# [Directions for this task]
Repeat nothing but the lines below running from the one containing "Proenza Schouler White" to the one containing "Tiled Hexagon Moss Wall Art - MossFusion". Keep both end lines.

# [Records supplied]
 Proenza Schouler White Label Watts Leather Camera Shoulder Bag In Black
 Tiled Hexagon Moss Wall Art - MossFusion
---
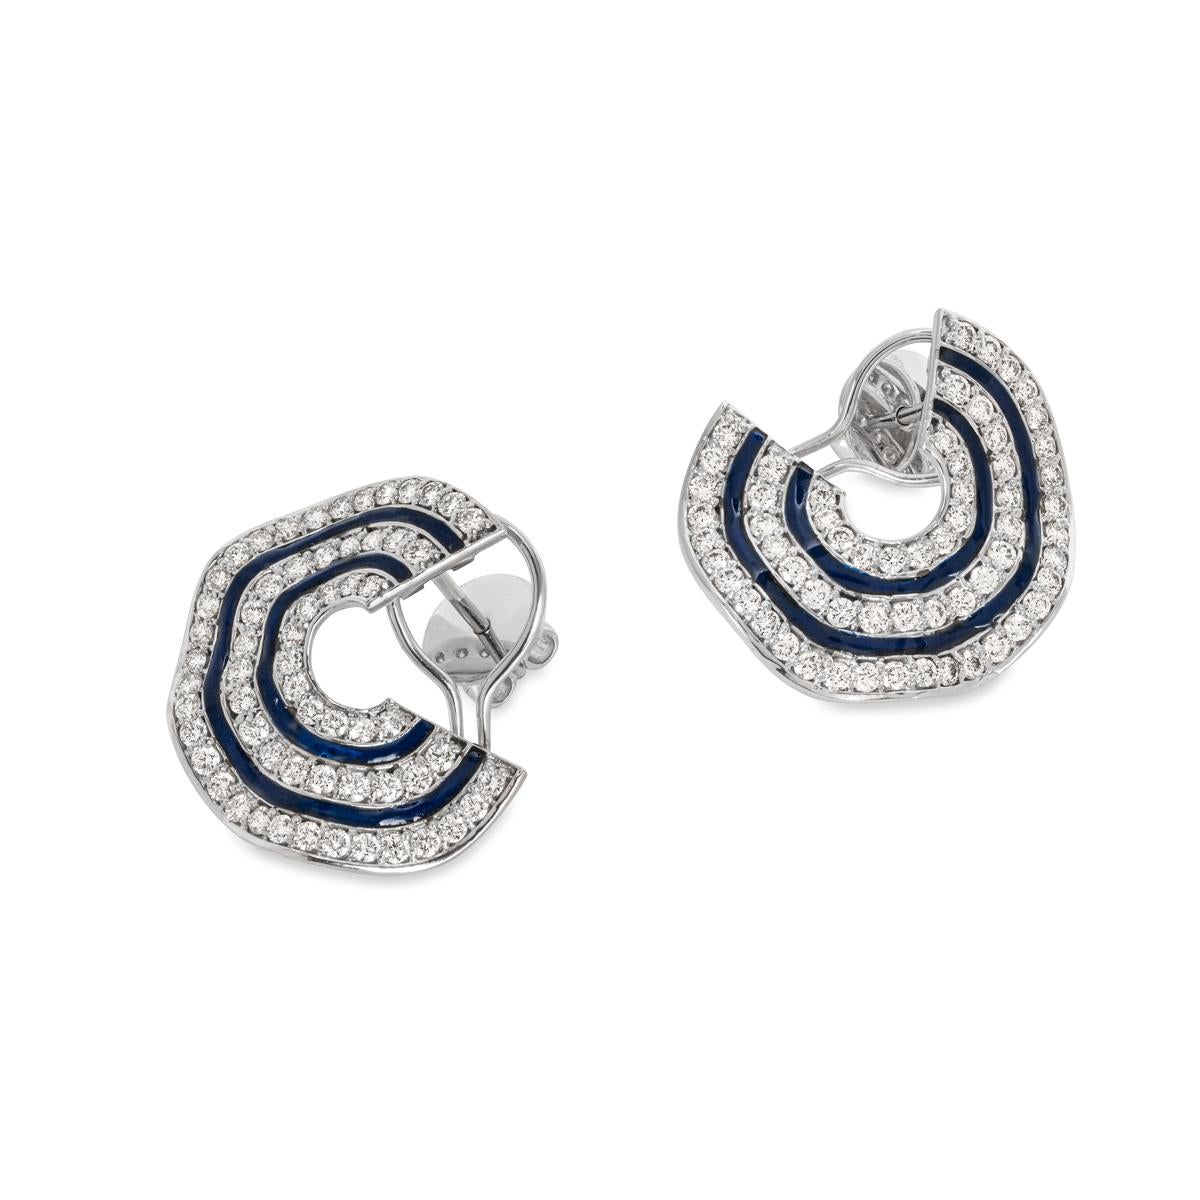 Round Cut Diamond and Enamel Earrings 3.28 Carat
--
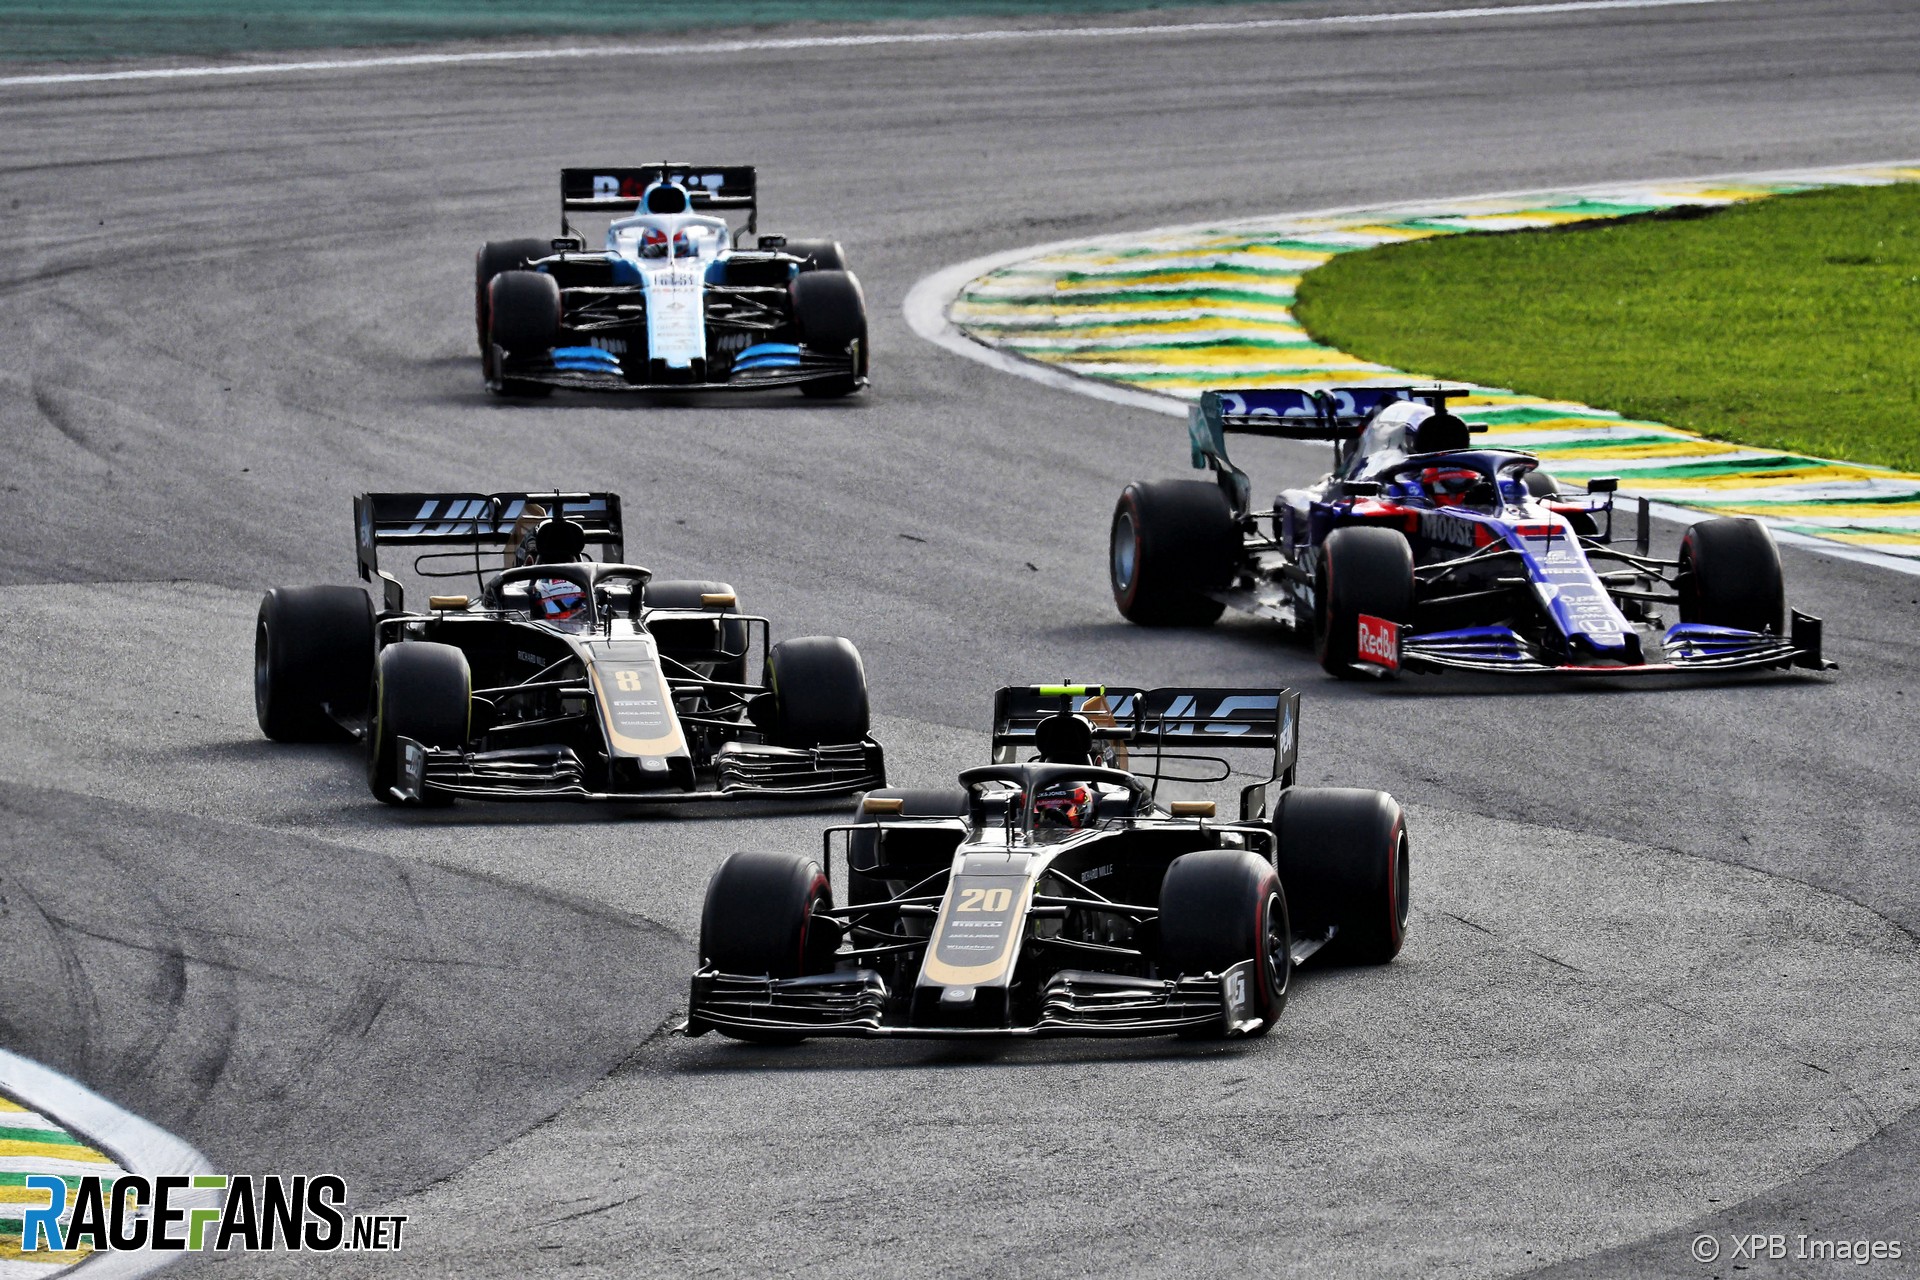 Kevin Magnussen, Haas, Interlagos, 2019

# [Solution to the exercise]
 Proenza Schouler White Label Watts Leather Camera Shoulder Bag In Black
 Tiled Hexagon Moss Wall Art - MossFusion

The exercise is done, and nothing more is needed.